L’avertissement qui précède regarde surtout les prêtres, dont les rapports avec Dieu sont continuels et plus sublimes: qu’ils s’en souviennent toujours et ne l’oublient jamais, soit qu’ils offrent à Dieu l’encens de la prière, soit qu’ils dispensent les trésors divins des sacrements, soit qu’ils célèbrent à l’autel les mystères du corps et du sang de Jésus-Christ. Voici ce que rapporte saint Pierre Damien, dans sa Lettre XIV à Desiderius (Cf. Merv. 37.).

Saint Séverin de Cologne

Saint Séverin, archevêque de Cologne (23 octobre), édifiait son église par l’exemple de toutes les vertus: sa vie tout apostolique, ses grands travaux pour l’accroissement du règne de Dieu dans les âmes, devaient lui mériter les honneurs de la canonisation. Néanmoins, après sa mort, il apparut à un des chanoines de sa cathédrale pour demander des prières. Comme ce digne prêtre ne pouvait comprendre qu’un saint prélat, tel qu’il avait connu Séverin, eût besoin de prières dans l’autre vie: « Il est vrai, répondit le défunt, Dieu m’a fait la grâce de le servir de tout mon cœur, et de travailler longtemps à sa vigne; mais je l’ai offensé souvent par la manière trop pressée dont j’ai récité le Saint-Office. Les affaires et les préoccupations de chaque jour m’absorbaient tellement, que lorsque venait l’heure de la prière, je m’acquittais de ce grand devoir sans assez de recueillement, et quelquefois à d’autres heures que celles fixées par l’Église. En ce moment j’expie ces infidélités, et Dieu me permet de venir réclamer vos prières. » – L’histoire ajoute que Séverin fut six mois au purgatoire pour cette seule faute.

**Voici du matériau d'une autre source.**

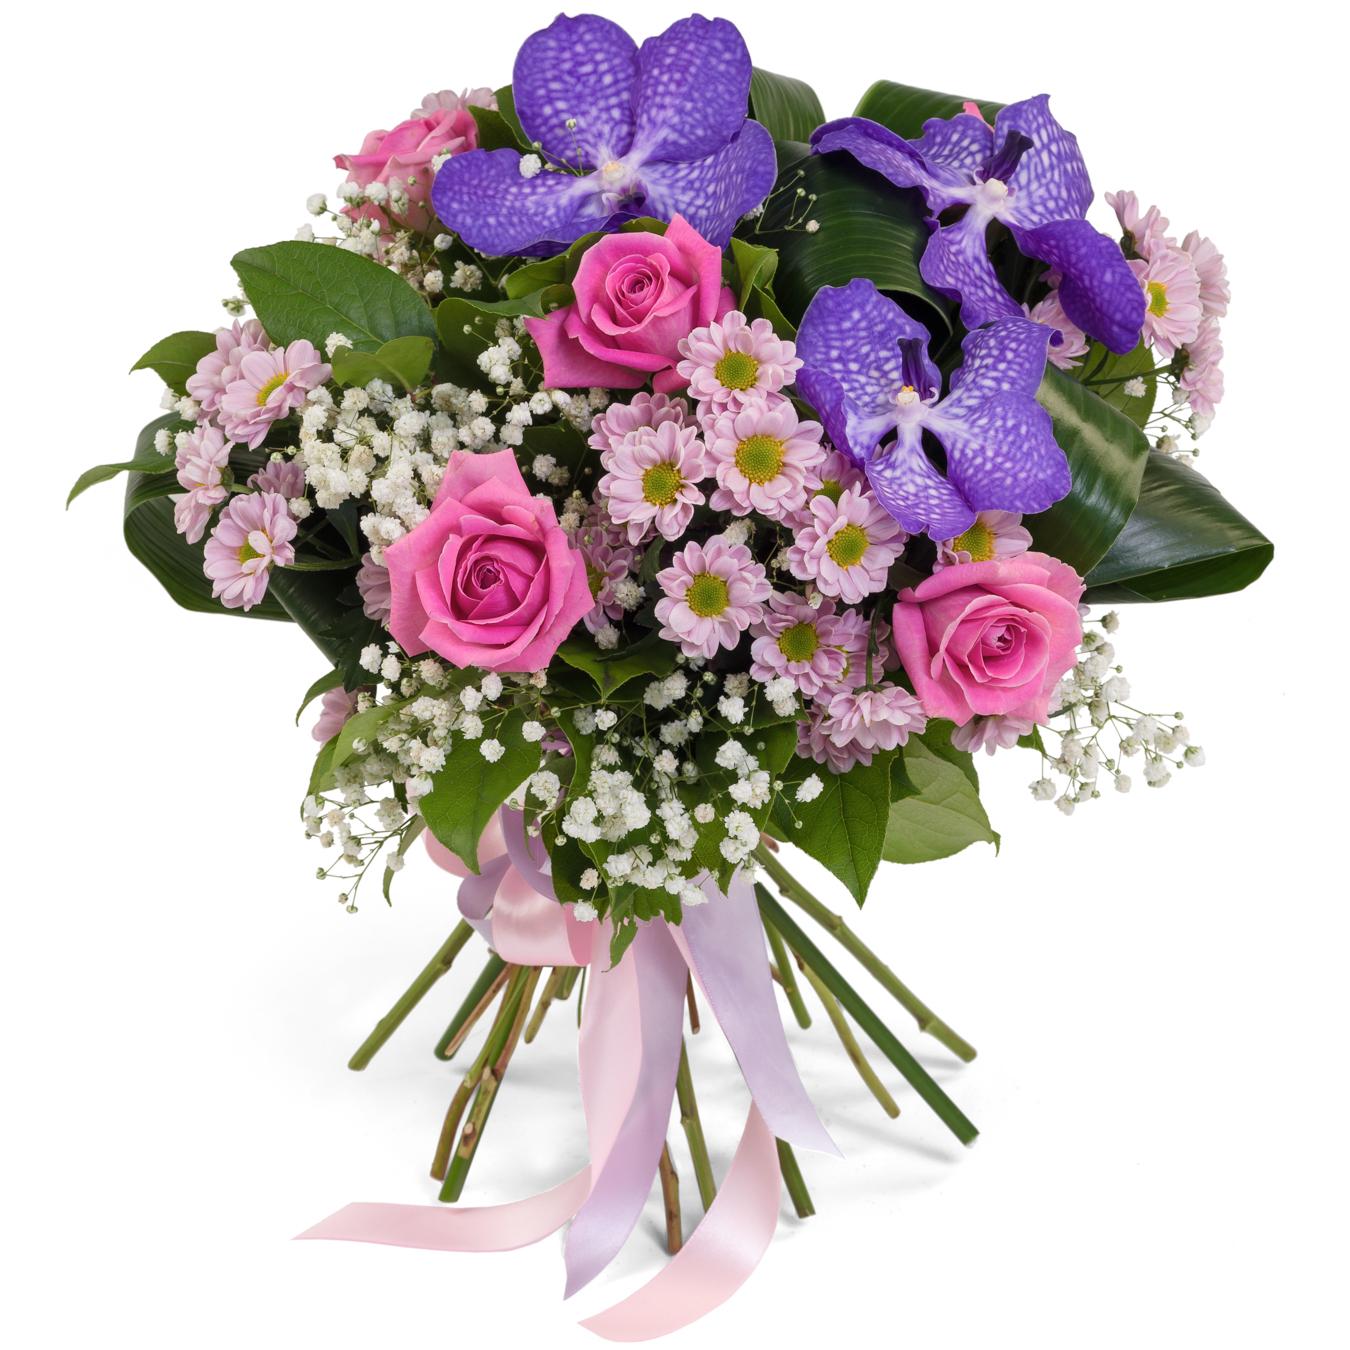 Авторский букет цветов Первое свидание<br>Ингредиенты: Аспидистра 3 шт, Орхидея ванда синяя 3 шт, Гипсофила 1 шт, Салал, Хризантема сантини 5 шт, Роза (50 см) 5 шт;

La vénérable Françoise de Pampelune et les prêtres

La vénérable sœur Françoise de Pampelune, mentionnée plus haut, vit un jour au purgatoire un pauvre prêtre dont les doigts étaient rongés d’ulcères hideux. Il était ainsi puni pour avoir fait à l’autel les signes de croix avec trop de légèreté, et sans la gravité nécessaire. – Elle disait que, pour l’ordinaire, les prêtres restent au purgatoire plus longtemps que les laïcs, et que l’intensité de leurs tourments est proportionnée à leur dignité. Dieu lui fit connaître le sort de plusieurs prêtres défunts: l’un d’eux resta quarante ans dans les souffrances pour avoir laissé mourir, par sa négligence, une personne sans sacrements; un autre y resta quarante-cinq ans pour avoir rempli avec une certaine légèreté les sublimes fonctions de son ministère; un Évêque, que sa libéralité avait fait surnommer l’aumônier, y demeura cinq ans pour avoir un peu ambitionné sa dignité; un autre, qui n’était pas si charitable, y demeura quarante ans pour la même cause (Vie de la vénérée Mère Françoise Cf. Merv. 26).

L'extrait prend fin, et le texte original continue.